> Exercise requirements: Nothing but the lines from the one containing "Antique Mahogany and" through the one containing "Shabby Chic WHITE", both included, should be given again, each exactly as written below.

> Available data:
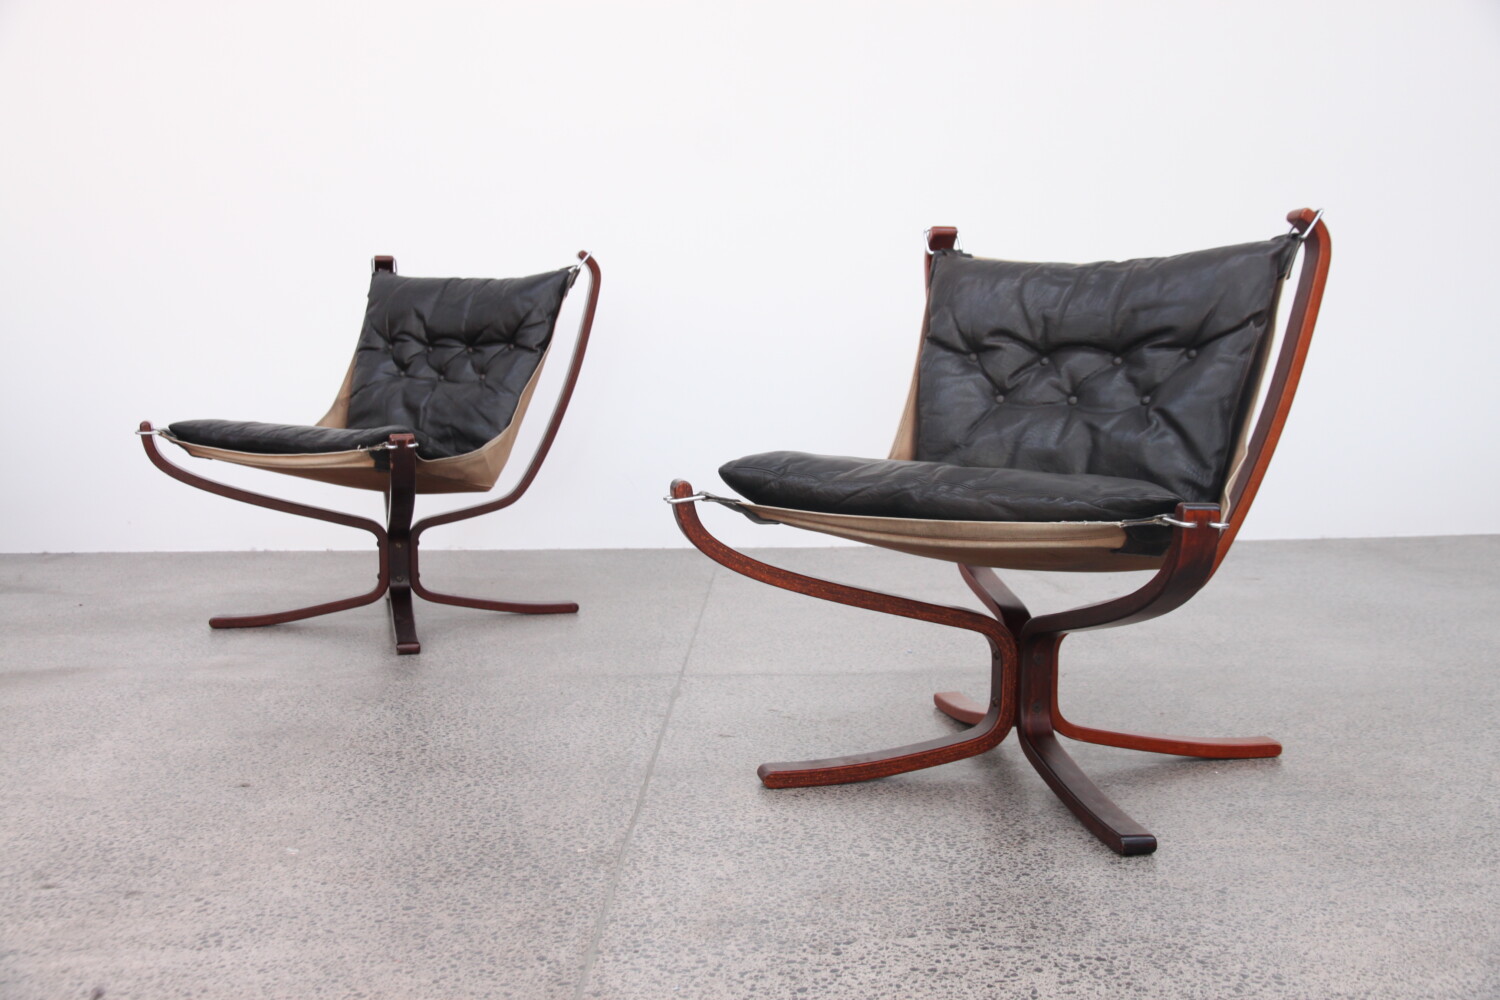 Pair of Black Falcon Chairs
* * *
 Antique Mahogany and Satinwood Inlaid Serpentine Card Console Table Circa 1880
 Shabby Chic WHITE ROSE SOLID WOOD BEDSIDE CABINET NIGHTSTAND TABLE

> Exercise response:
 Antique Mahogany and Satinwood Inlaid Serpentine Card Console Table Circa 1880
 Shabby Chic WHITE ROSE SOLID WOOD BEDSIDE CABINET NIGHTSTAND TABLE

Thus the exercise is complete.